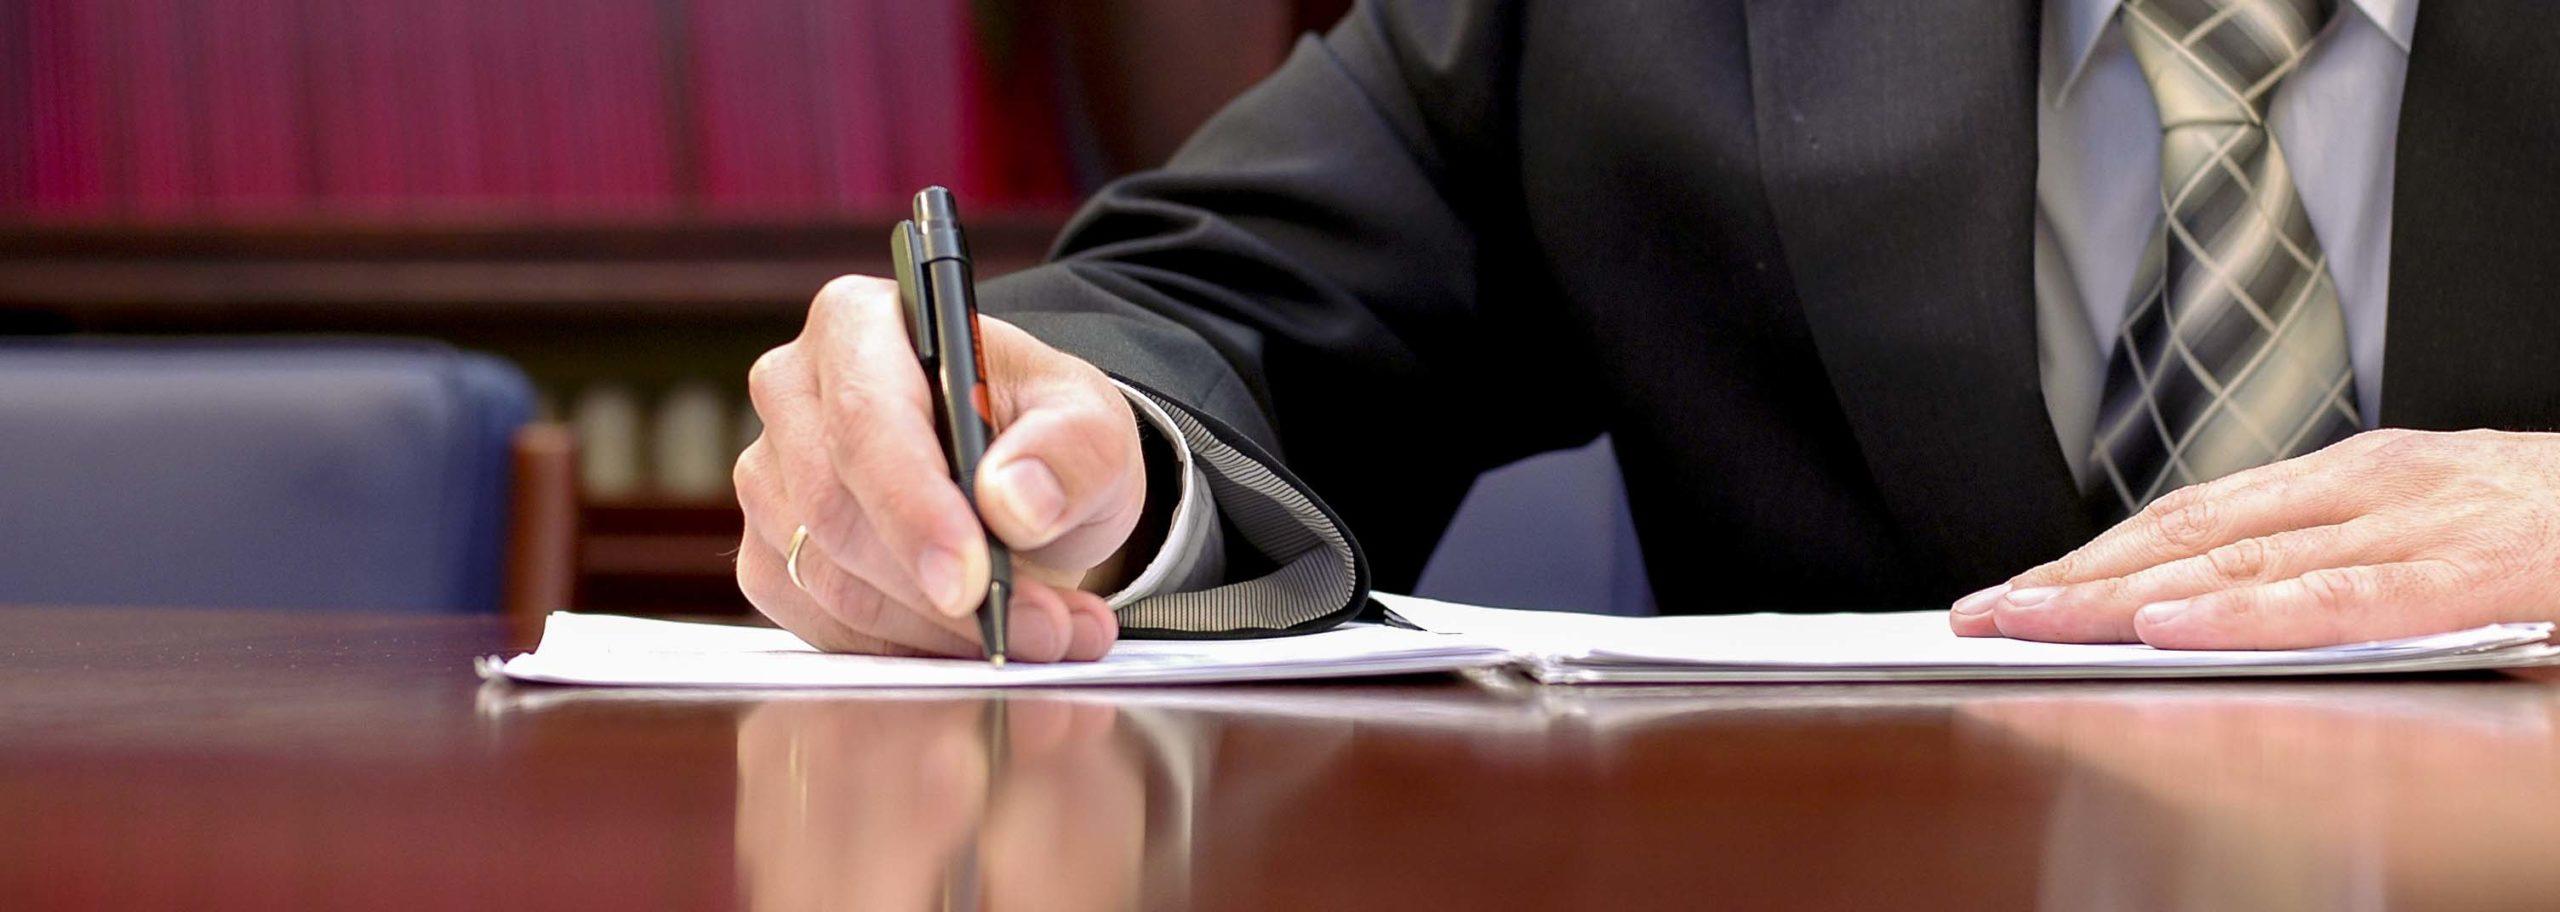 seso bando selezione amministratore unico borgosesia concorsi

==

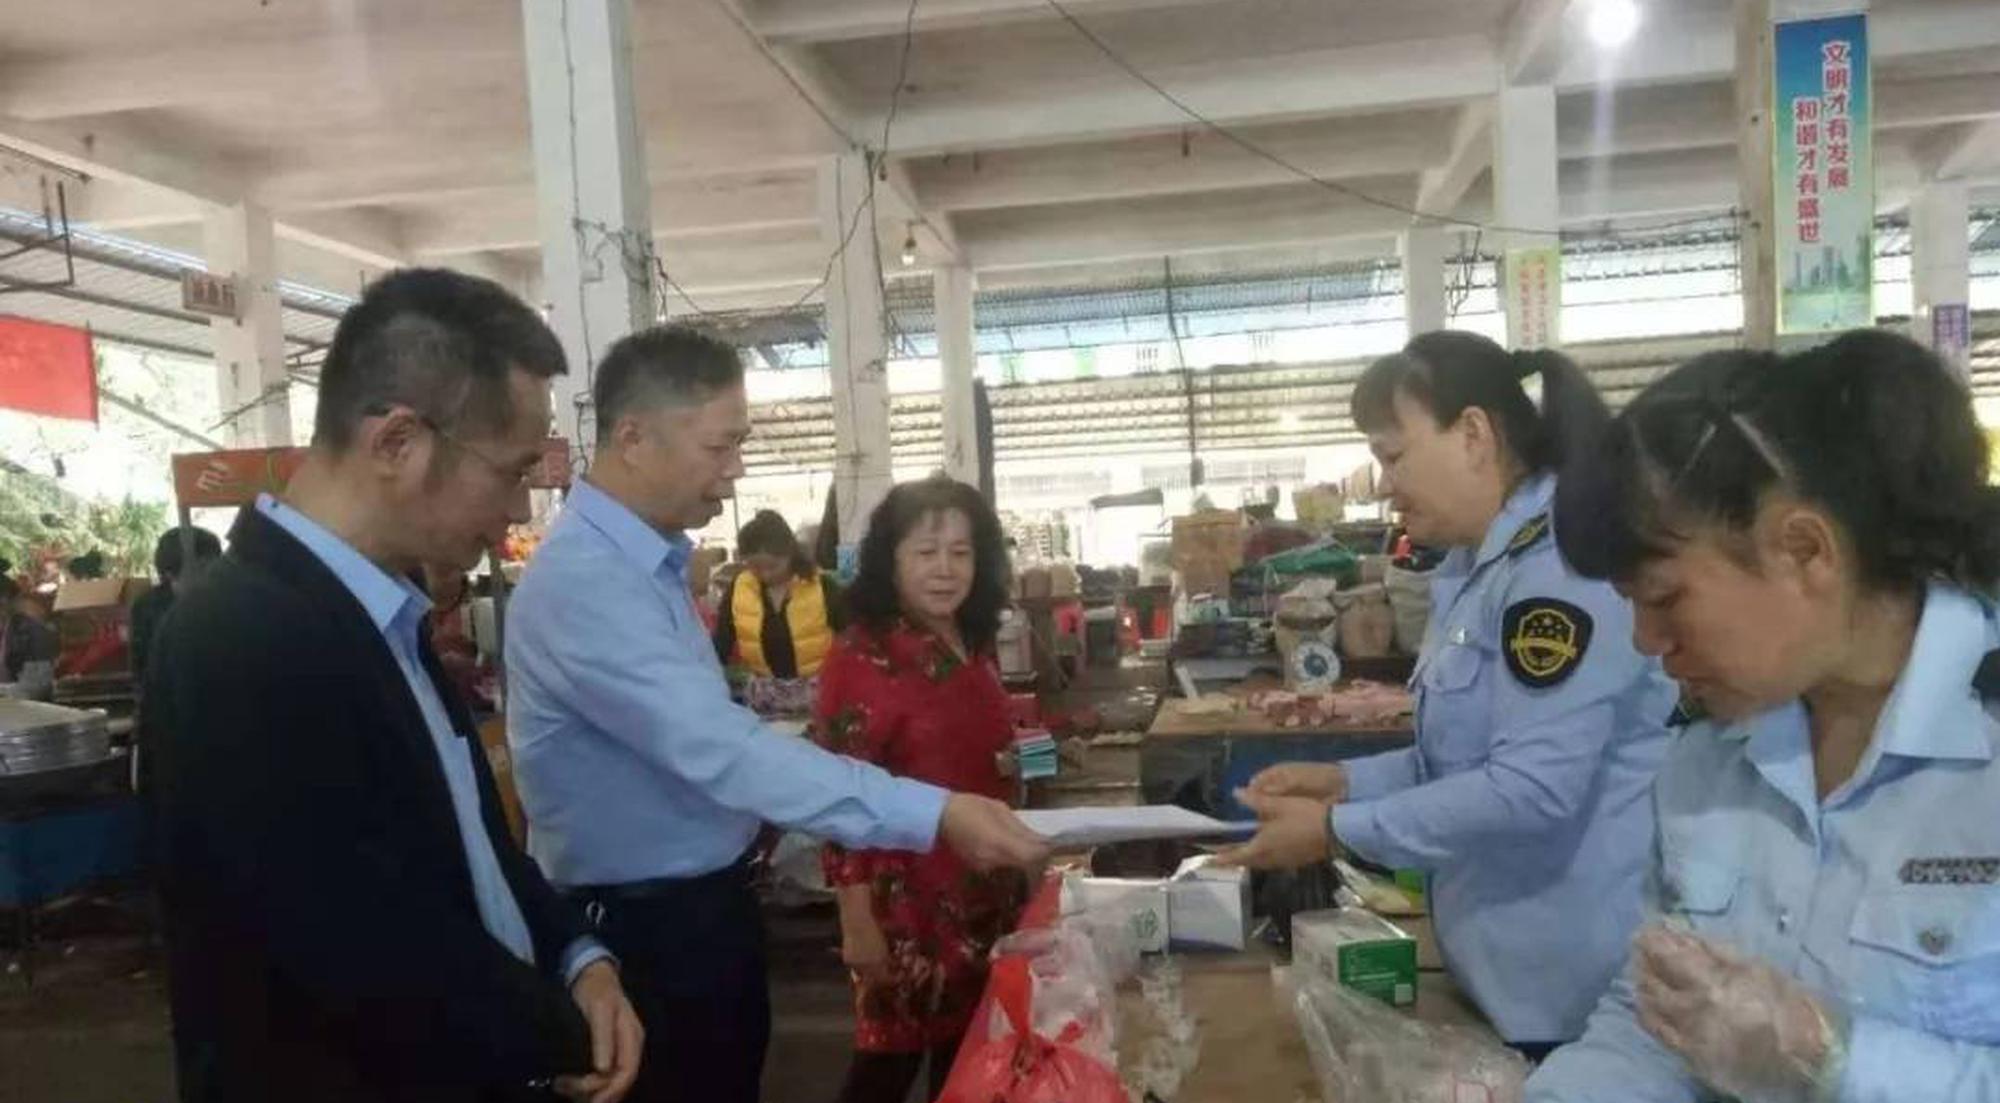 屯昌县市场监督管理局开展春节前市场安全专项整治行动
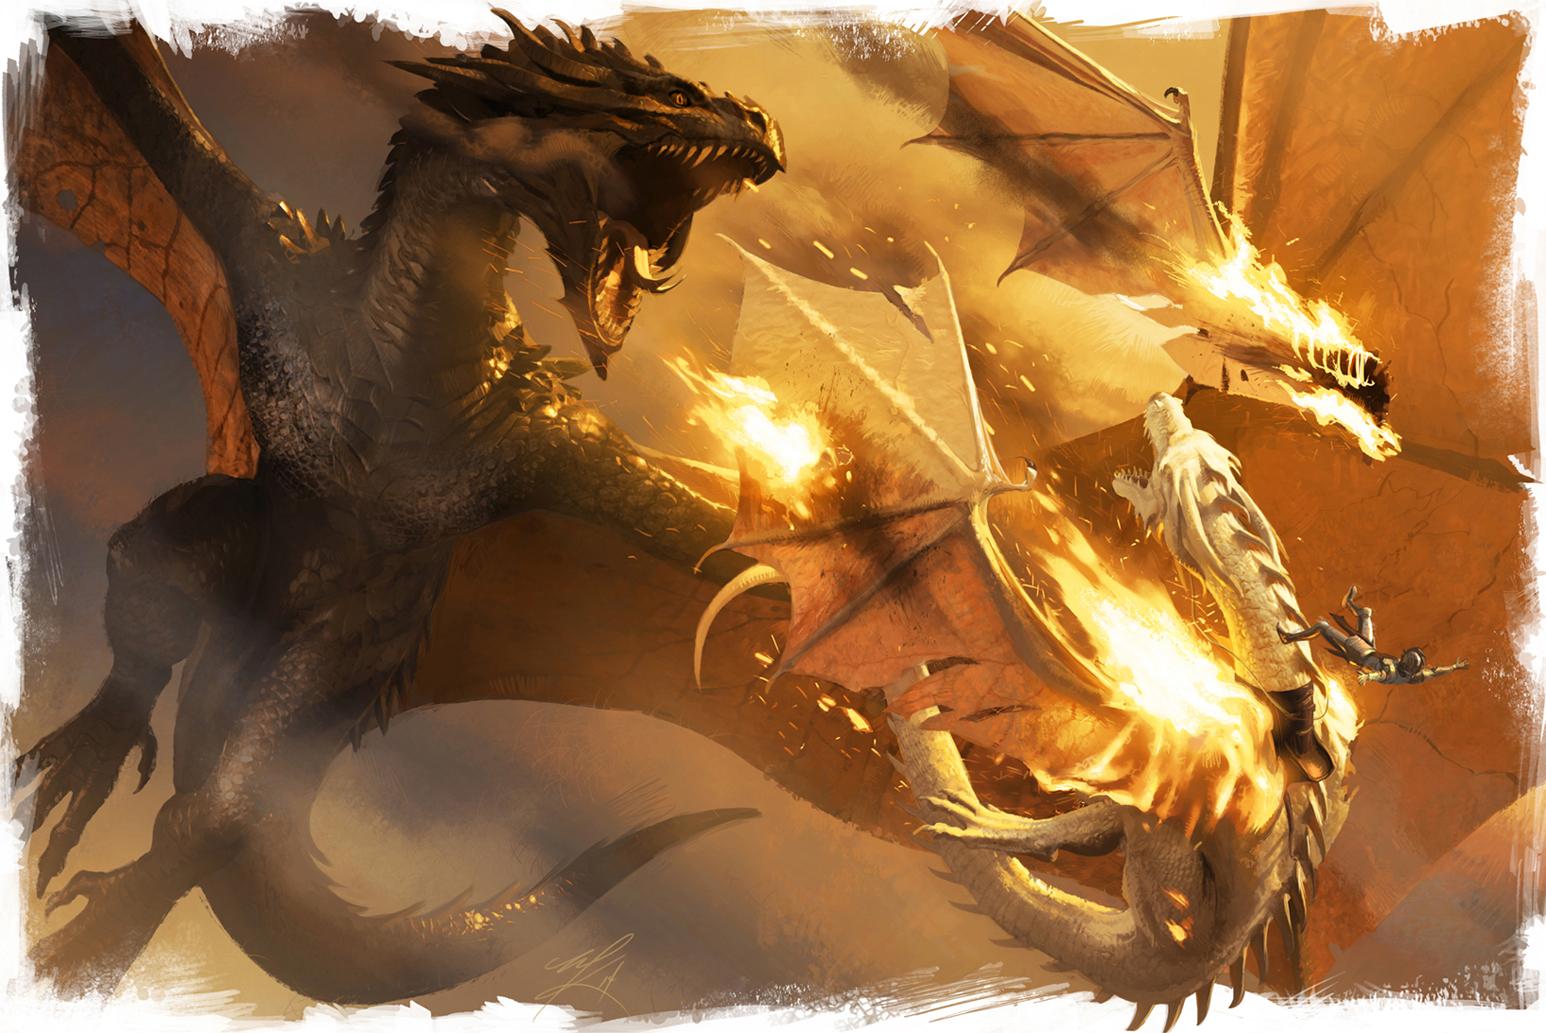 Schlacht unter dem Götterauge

:: Work item ::
Keep to the lines above from the line with "屯昌县市场监督管理局开展春节前市场安全专项整治行动" to the line with "Schlacht unter dem Götterauge", and set down exactly those, inclusive, with nothing else and every picture left out.

:: Exercise solution ::
 屯昌县市场监督管理局开展春节前市场安全专项整治行动
 Schlacht unter dem Götterauge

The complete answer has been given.